被神秘人點了穴道的離朝費了好大的功夫行氣解了穴,接著就要亂動彈,讓扛著她的人能知難而退。

然而念頭剛起,神秘人就停了步子將她放下了。

離朝愣愣地眨了眨眼,眼前這位兄台綁人都不知遮麵的,且得了注視還堂堂正正地回望,一身浩然正氣讓她有些相形見絀。

“兄台方才為何阻攔在下?”看對方不是什麽凶神惡煞,離朝心中怨氣消散了些,但語氣依舊有點不善。

這位兄台一身青蘭道袍加身,束發盤髻,逍遙巾包發,腰間配一白木劍,腳下好似踩了雲,又劍眉善目,朗玉之相,身材頎長,雖說看上去年紀不大,但已持仙風道骨。

“貧道若是不攔姑娘,怕是姑娘此刻已駕鶴西去了。”道士並不惱,麵上不悲不喜,說起話來雖然親切溫和,但卻平白生出一種若即若離之感。

挑起一邊眉毛,離朝有點狐疑,但也不欲和他多糾纏,道了聲“多謝”後便想原路返回。

可惜還未與他擦肩而過就被拽住了衣角,奇妙的是離朝當即就止住了步子,竟是絲毫動彈不得。

離朝驚詫地看向他。

道士並未回頭,隻悠悠道:“姑娘就算去了也晚了。烏雲既散,說明事情已了;星象不現,說明事與願違。”

經他一說,離朝才堪堪發覺,此刻已入夜,確實晚了。又見月亮蒙了一層灰影,空中半點星辰也無,饒是對天象一知半解的她也知道了結果為何,不由得垂下頭有些難過喪氣。

“走罷,你的路還長,莫費了那位姑娘的心意。”言罷,道士邁開步子,似乘了風,飄飄然然。

其音落,離朝捏緊拳頭,抬頭深深看了來時方向一眼,終是轉過身追道士而去,即使並不知曉道士要帶她去哪裏……

道士帶著她出了威靈外林又攀上一個小山頭,在那裏有一個寺院,但是沒有生氣且頗為破敗,想來已荒廢了許久。

“道兄,為何來這裏?”吹了一路的冷風,離朝的憤與怨皆被吹散,隻留有些許感傷與遺憾,不過她也曉得“因果有輪回,生死歸順自然,強求不得”,是以應不算多麽悲痛吧……

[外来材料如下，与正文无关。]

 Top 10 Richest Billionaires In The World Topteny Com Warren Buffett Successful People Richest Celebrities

“道兄”這個稱呼令道士微微側目,他輕咳一聲,說:“貧道以西為姓,名阿昴。”

離朝歪了下頭,不知他這時道出自己名姓作甚,但也以禮回之,“在下離朝,請道兄多多指教。”

“……”

算了,算了。

西阿昴邁步進了寺院,離朝緊隨其後。

這寺院裏雜草叢生、牆皮脫落,地上還散落幾件舊僧袍,也有不少裹了灰的念珠,似乎能看到很久很久以前有僧者匆忙出逃的情景,也不知有何緣由。

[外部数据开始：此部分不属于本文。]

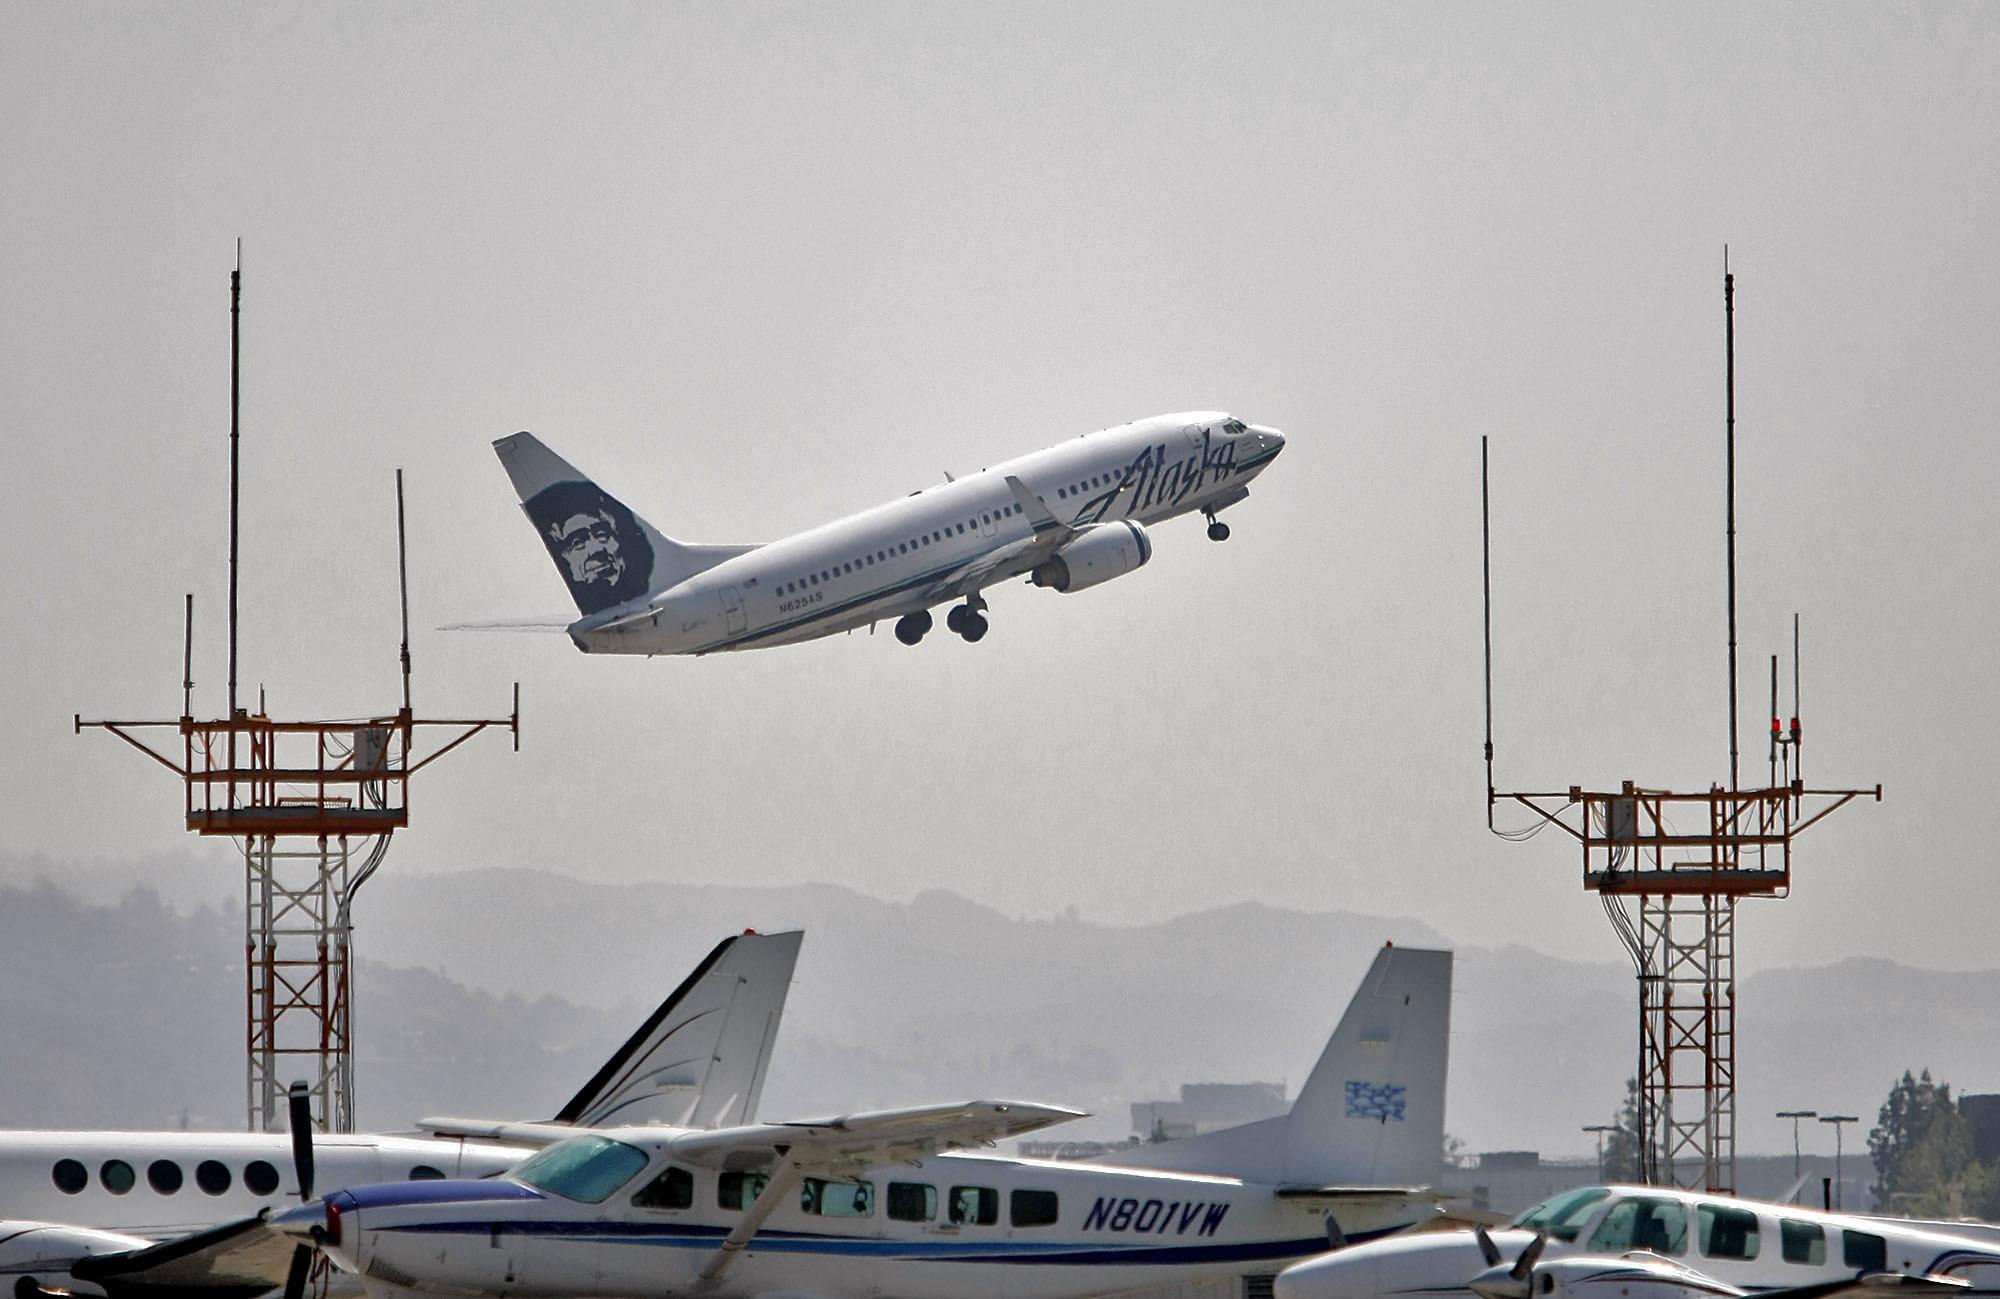 Flight Attendants Sue Boeing Over Toxic Fumes On Alaska

進了寺廟,率先看到的就是慈悲肅穆的佛像,獨自坐於廟中佛台,雖落了塵埃,卻依舊清明,在這片黑暗中仿佛加諸了淡淡光芒,撫去所有煩惱,令人安心。

見之,離朝雙手合十,向佛誠心拜了三拜,願玲瓏眾人能消脫凡塵罪孽,早登極樂。

拜完之後,離朝又凝望大佛幾息才別了目光,去尋西阿昴身影。見他坐於佛像前的蒲墊上,便也走過去坐在另一個蒲墊上,又見他在盤腿打坐,便也有樣學樣,打坐調息。

約莫半刻後,微闔雙目的西阿昴開了口:“離朝姑娘沒有什麽疑問嗎?”

聞言,離朝回道:“道兄喚我離朝便可,至於疑問確實有不少,但見道兄正打坐調息,是以不便聞詢。”

“是嗎。不過貧道頗為擅長一心二用,姑娘若有疑問便趁現在問罷。”

得了這話,離朝也就不客氣了,一口氣將問題都吐了出來。

“好。方才道兄說阻攔我是為救我性命是何解?道兄與玲瓏客棧有什麽關係嗎?道兄帶我來這裏又是為何?還有道兄可對威靈鎮有什麽了解,為何傳聞中祥和寧靜的威靈近幾日總生禍端?那個拜龍王也是古怪,道兄可曉得?”

這一連串問題砸過來,換一個脾氣急的早就黑了臉,換一個脾氣緩的便幹脆如她師傅那樣閉口不答。還好,遇到的是西阿昴這樣脾氣秉性不急不緩,正在修行求仙道的人。

他等離朝完全說完之後,悠悠開口挨個答之。

“貧道先前於悟道山夜觀天象,察覺此地熒惑守心必有災禍,便急忙趕來。巧緣,將你救下。”

稍頓,他繼續說:“貧道與玲瓏客棧並無瓜葛。他們身懷惡業必然要償還,躲得了一時躲不了一世,貧道無法相救,但姑娘你無辜受了牽連,貧道自是要救得。”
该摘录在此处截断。